*****  
 
「遠山、大丈夫?」  
 ふらふらと覚束ない足取りの私の頭上から声が降る。  
 答える代わりに頷いてみせたものの、かくんっと思っていた以上に私の頭は縦に振れて、その弾みで私は長谷君の腕に頭をぶつけた。  
「う? ……ごめん?」  
「いいけど。遠山、ほんっと酒弱かったんだな」  
 30センチの身長差のある私を見下ろす長谷君の顔は、穏やかな苦笑に満ちている。  
 店に入ったのは夕方なのに、今はもう終電も間近な時間帯。  
 あれから色々と濃い話――実は長谷君はタチもネコもいける、とか。

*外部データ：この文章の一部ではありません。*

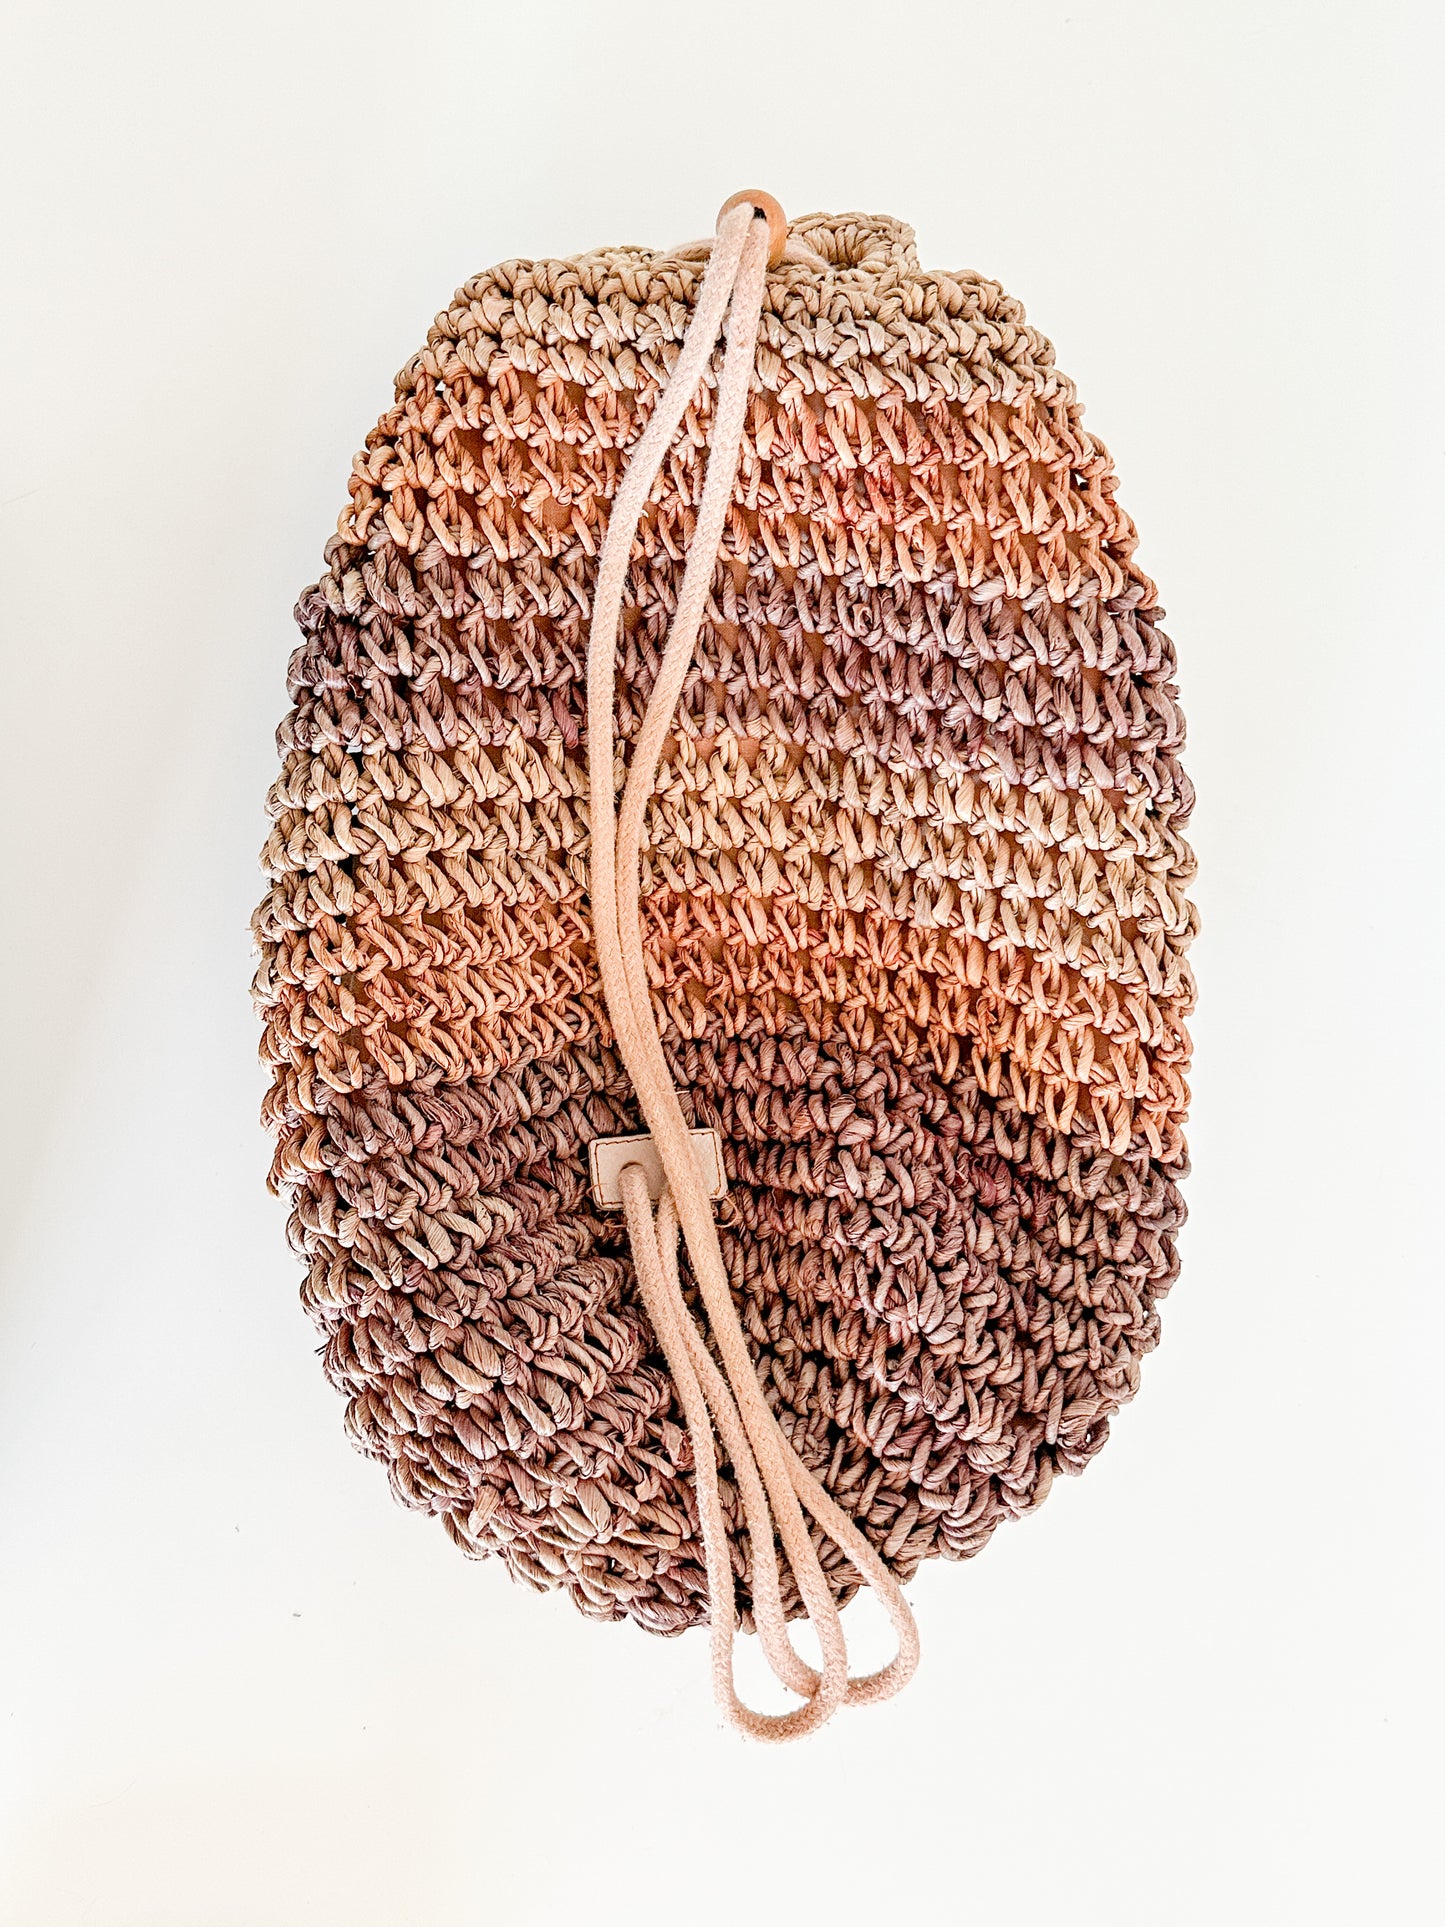 Vintage Boho Crochet Bag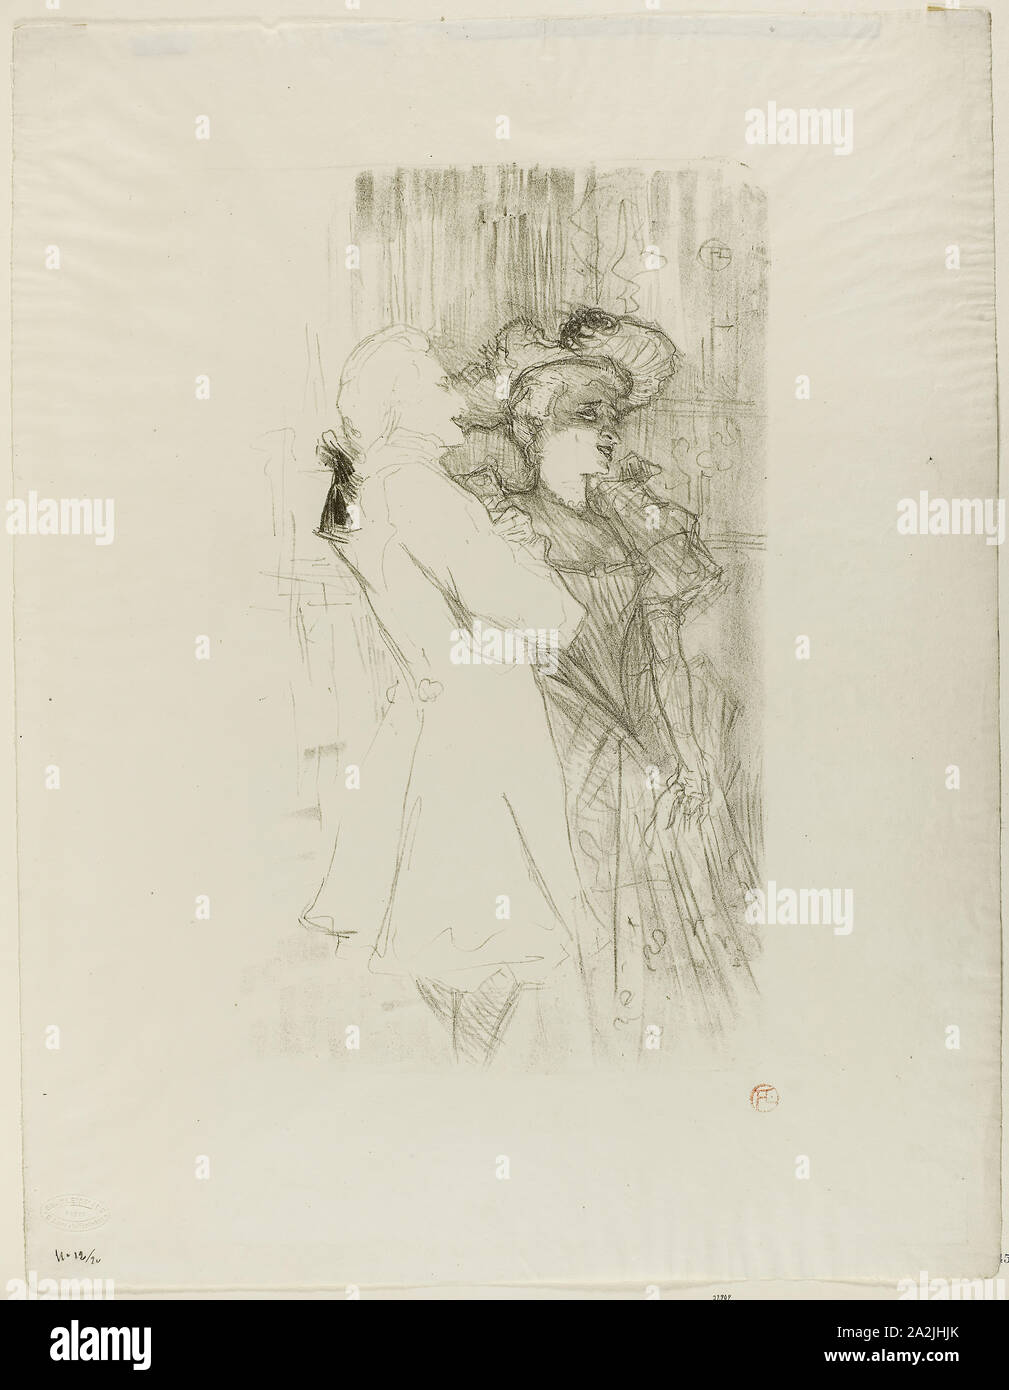 Lender and Auguez in La Chanson de Fortunio, 1895, Henri de Toulouse-Lautrec, French, 1864-1901, France, Color lithograph on ivory wove paper, 372 × 232 mm (image), 516 × 401 mm (sheet Stock Photo

初めて男にホられた時は痛みで二日ほど引きこもった、とか――で盛り上がり、気付けばこんな時間になっていた。  
 普段ならお酒は二杯で止める私だけど、今日は調子に乗りすぎた。  
 長谷君に付き合ったからってのもあるし、何となく理性を保っていたくなかったってのもある。話が濃かっただけに尚更。  
 だからついつい、四、五杯も飲んじゃったんだけど。  
 う〜……地面がゆらゆらしてる…。  
「帰れそうか?」  
 分かりません。  
 何せこんなに飲んだのは久し振り。今ならまだ電車に間に合うだろうけど、寝ちゃう可能性は限りなく高い。  
 乗り過ごして終点まで行っちゃったら、ここからタクシーに乗る、その倍以上のタクシー代が掛かる。元々、ここから家に帰るタクシー代すら持ち合わせて無いんだけどね。  
「分かんない……」  
 長谷君の腕を掴んで首を左右に振る。頭は重くて持ち上がらないから、長谷君の表情は見えない。  
「分かんないって……」  
 参ったな……と長谷君が呟く。  
 ええ、参りました。まさか自分でも、こんなことになるとは思ってませんでした。反省。  
 幸いなのは、酔うと吐き気より眠気が勝つタチってことぐらい。  
「遠山、歩ける?」  
 立っていても体の揺れる酔っぱらいの私に、長谷君は腕を貸したまま、体を屈めて私の顔をのぞき込んだ。  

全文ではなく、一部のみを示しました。